*What needs to be done*
The reply should contain the full listing exactly as written and no pictures at all.

*Given material*
__________

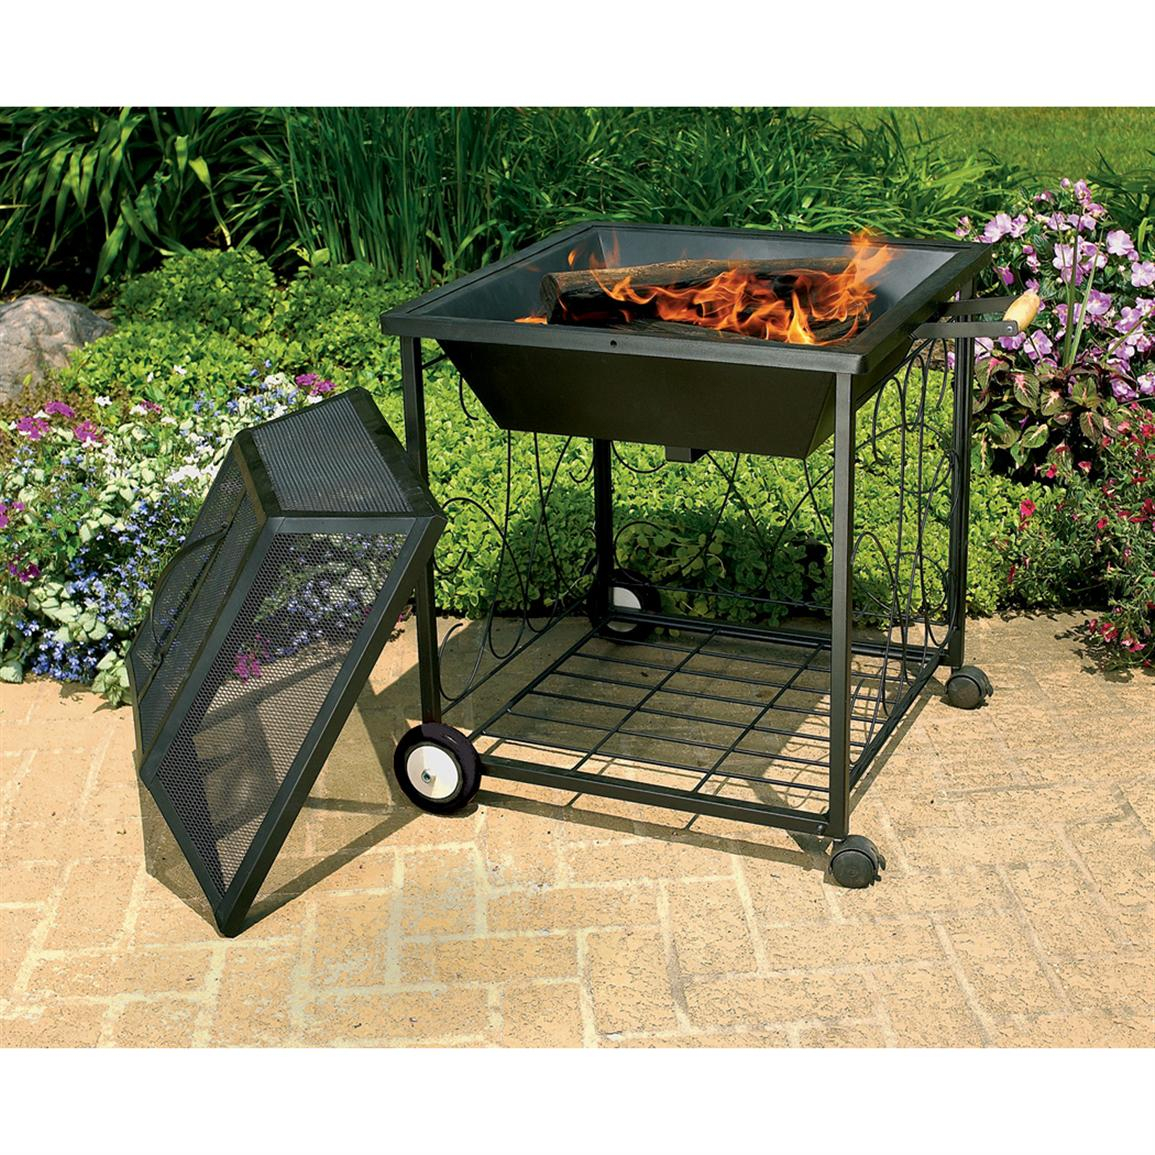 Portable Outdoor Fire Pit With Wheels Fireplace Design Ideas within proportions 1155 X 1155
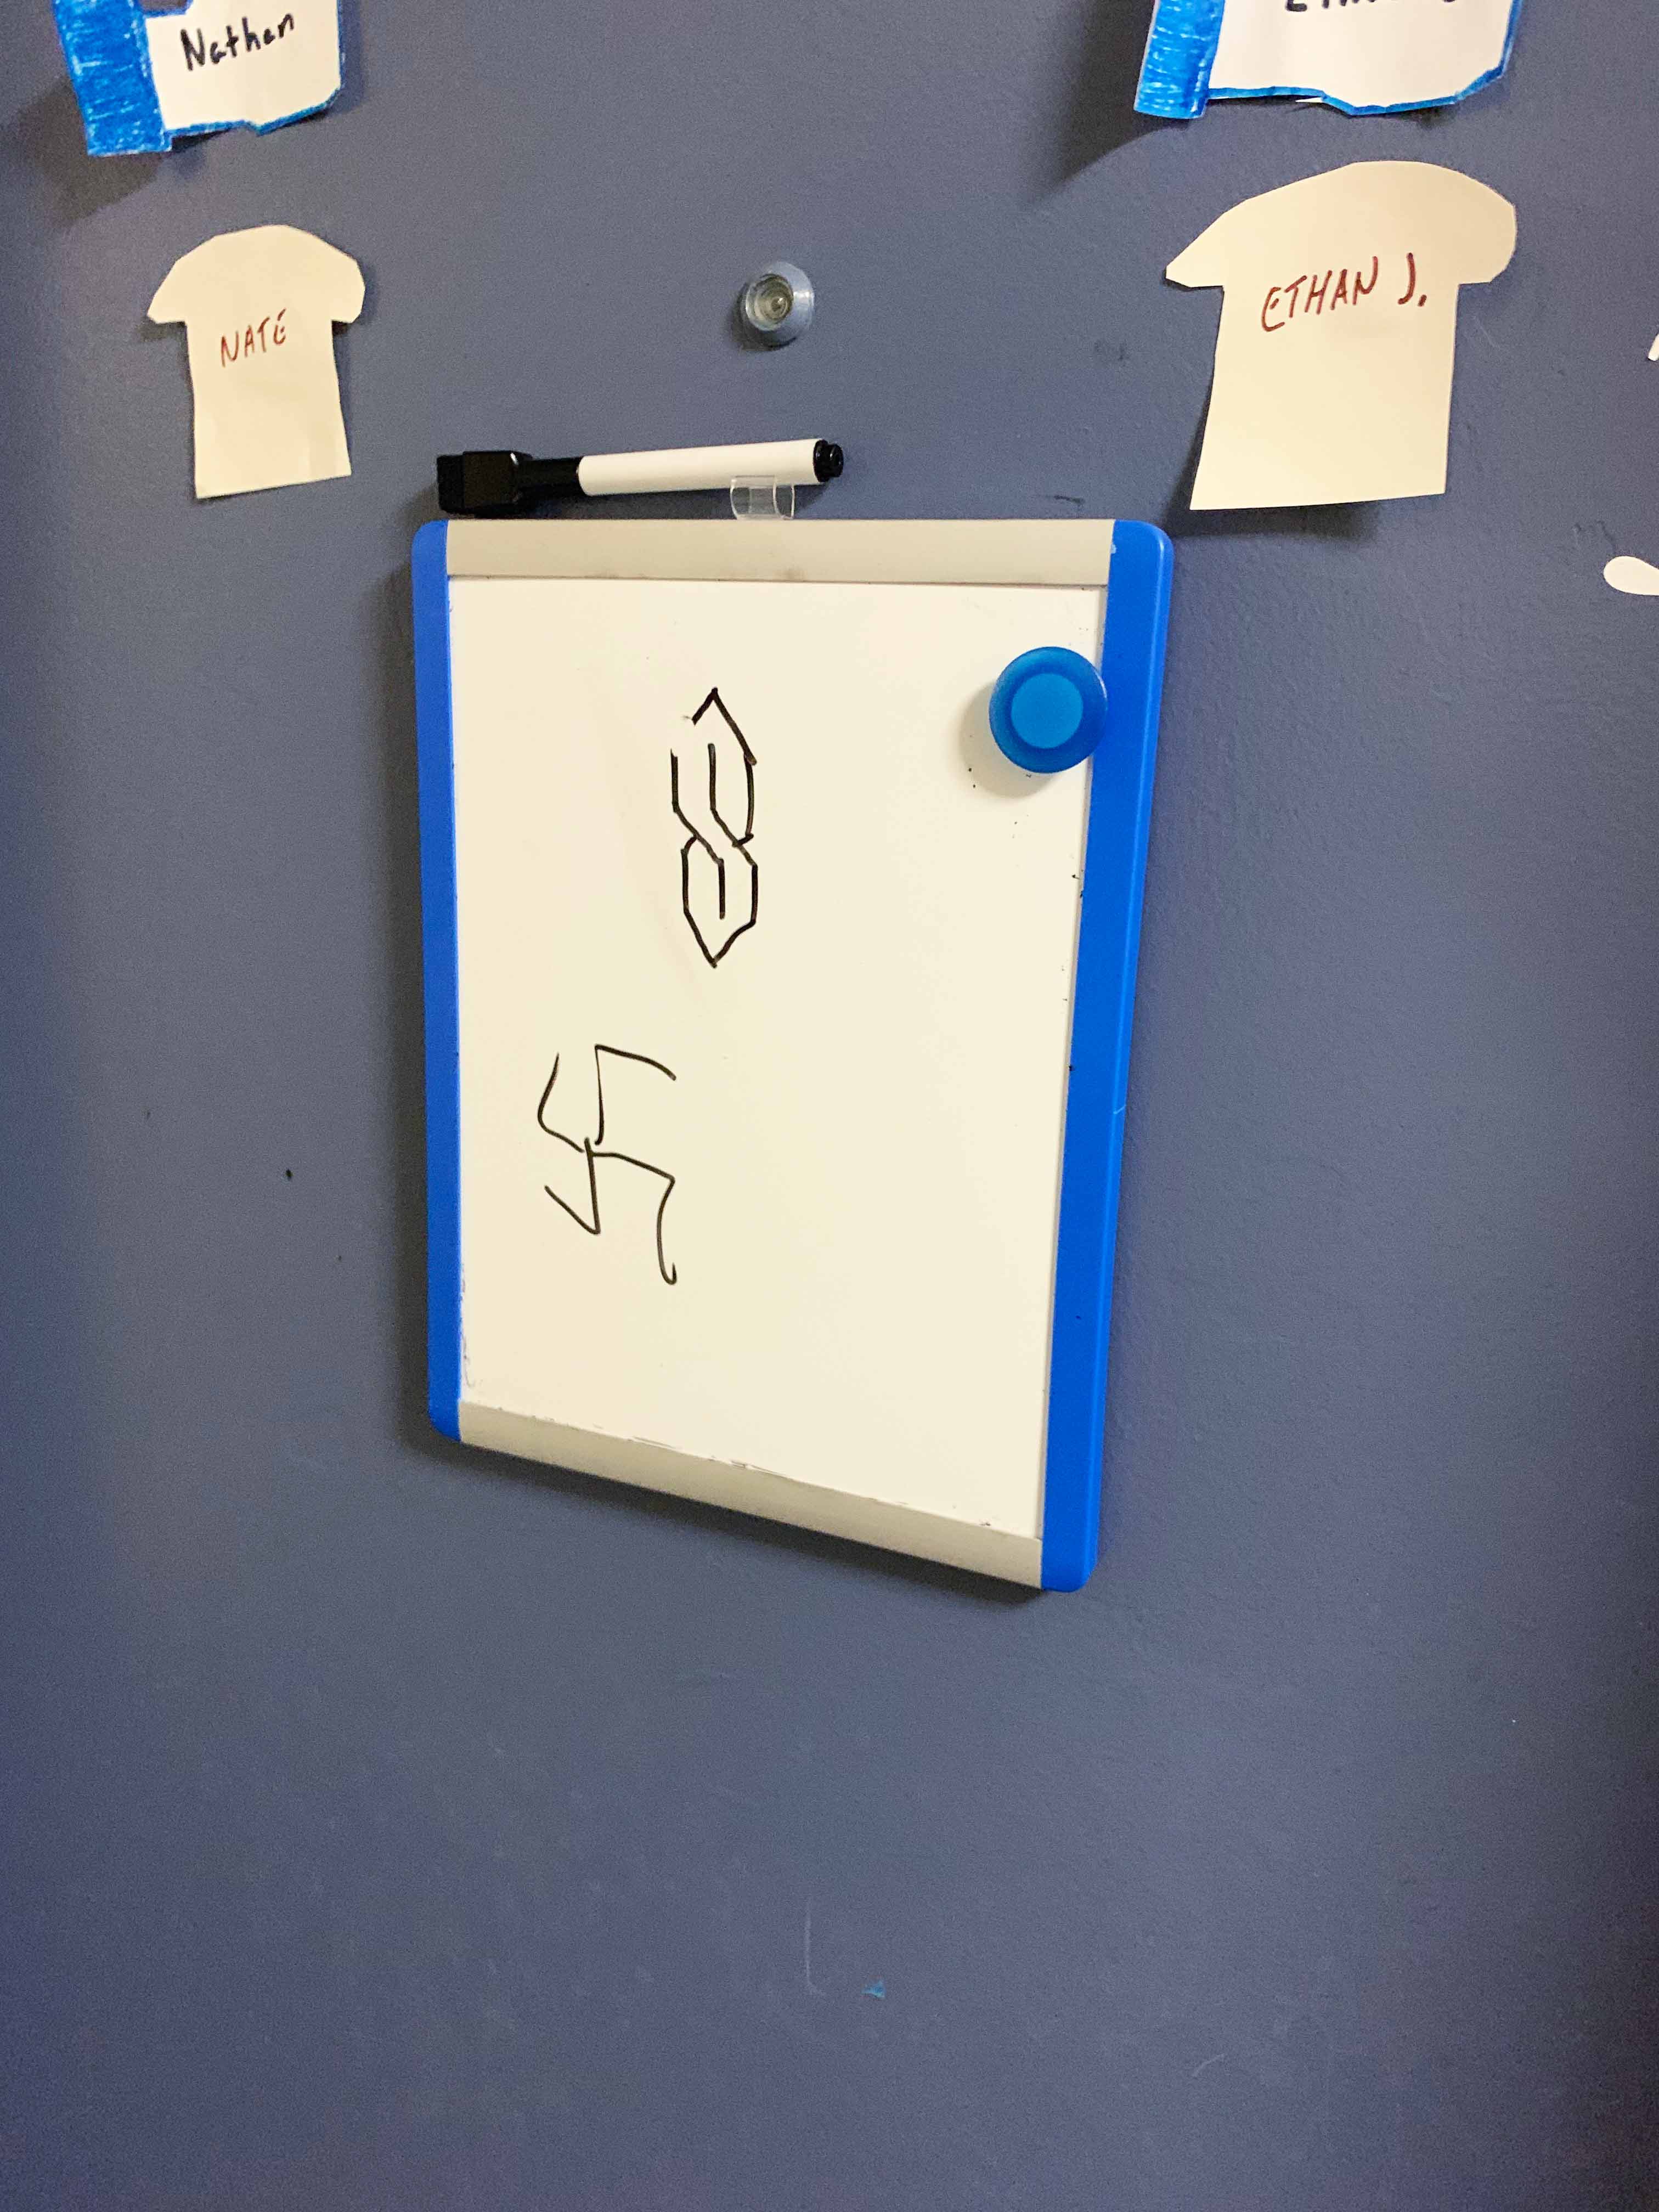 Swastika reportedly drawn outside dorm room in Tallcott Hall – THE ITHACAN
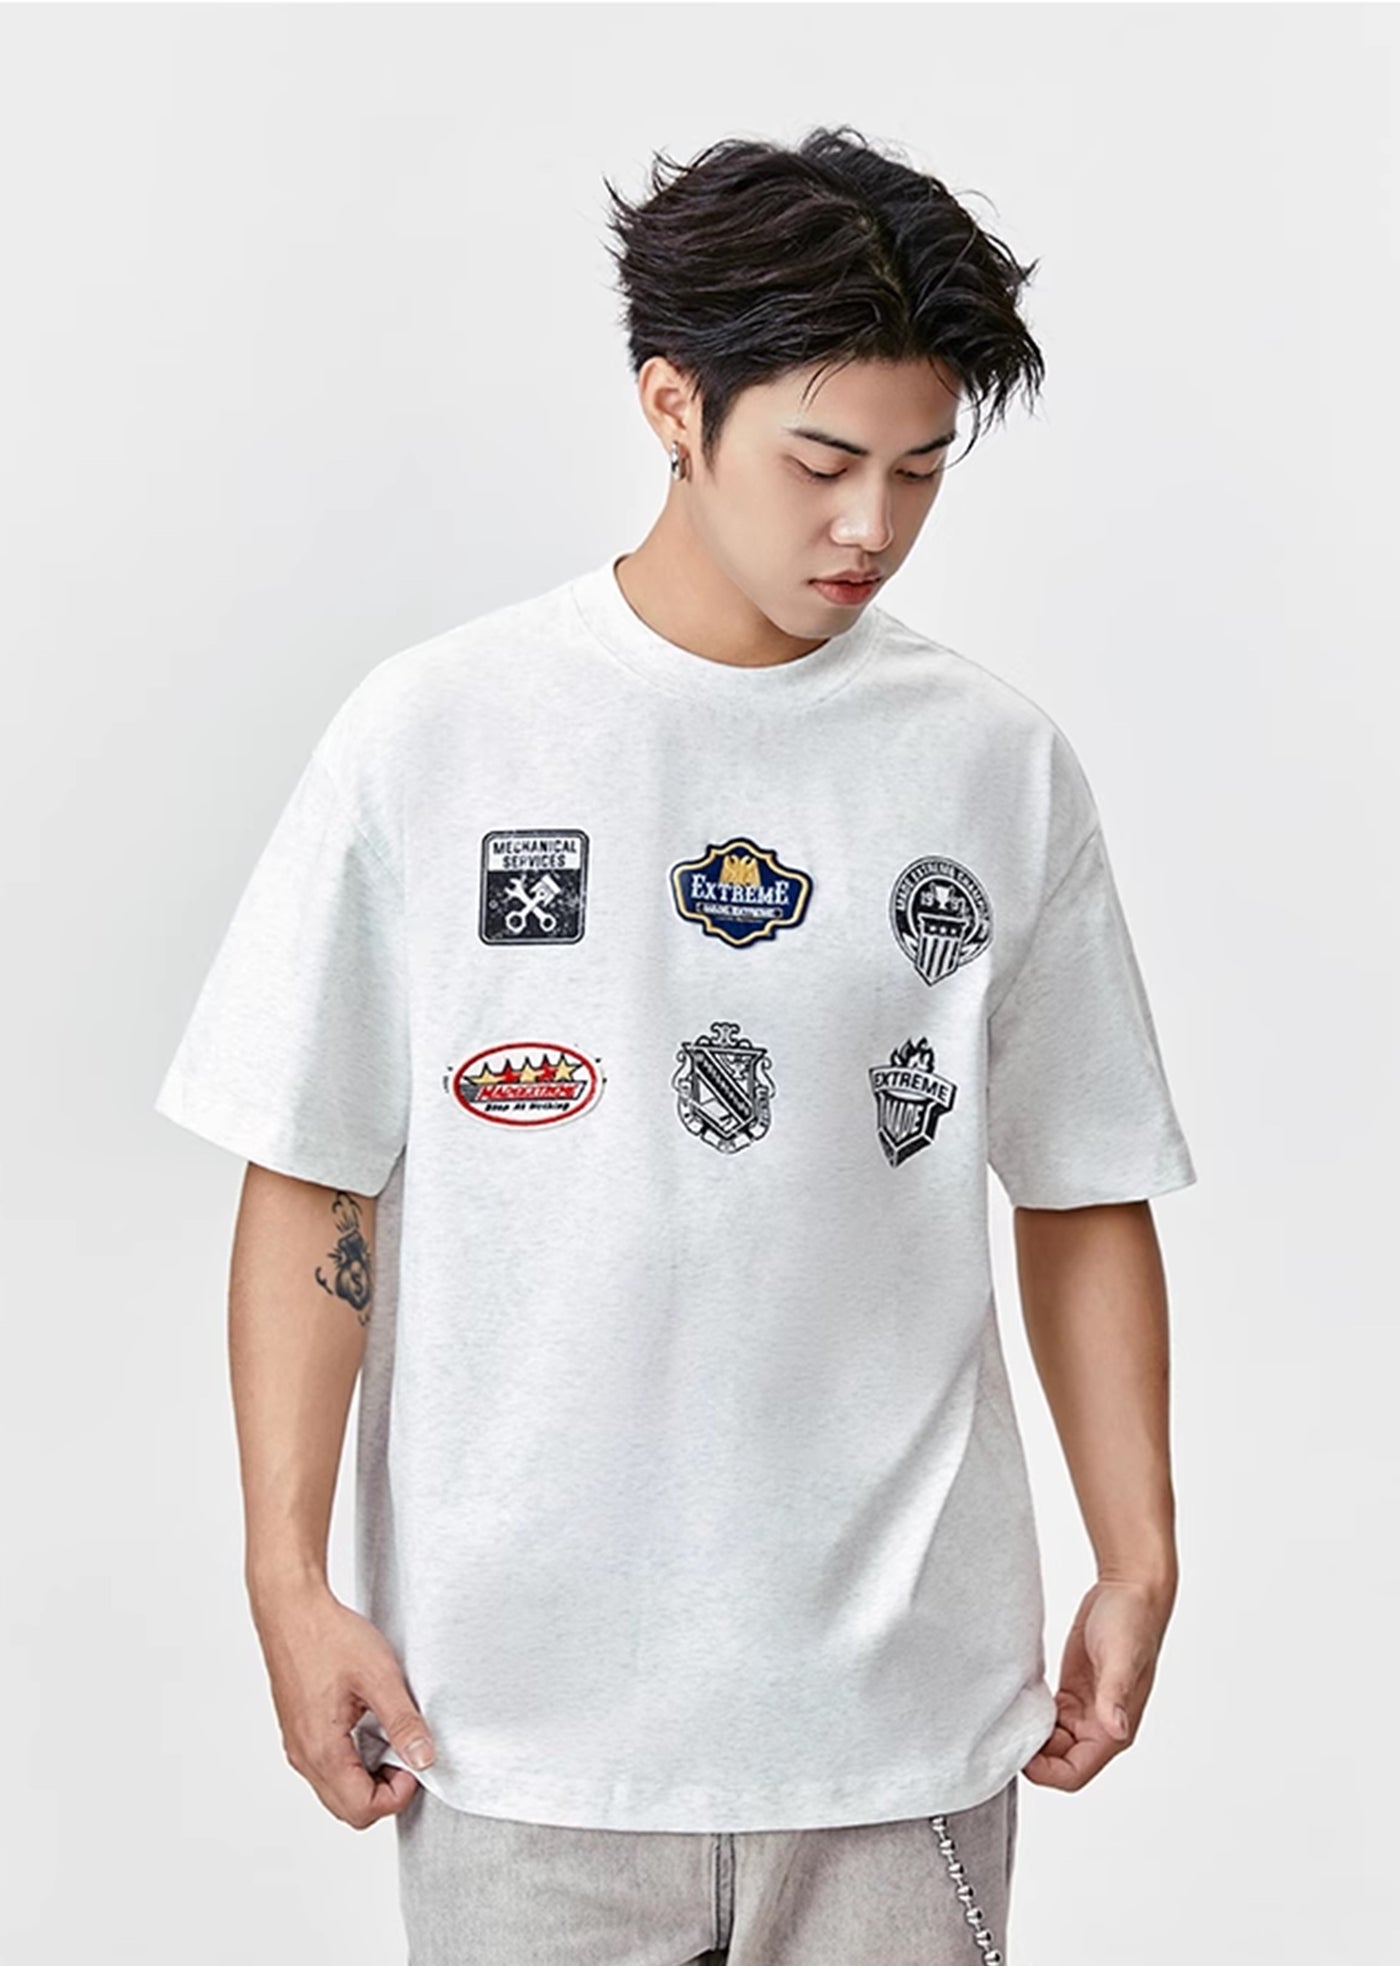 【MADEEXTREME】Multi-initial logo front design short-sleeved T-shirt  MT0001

__________

*Exercise answer*
 Portable Outdoor Fire Pit With Wheels Fireplace Design Ideas within proportions 1155 X 1155
 Swastika reportedly drawn outside dorm room in Tallcott Hall – THE ITHACAN
 【MADEEXTREME】Multi-initial logo front design short-sleeved T-shirt  MT0001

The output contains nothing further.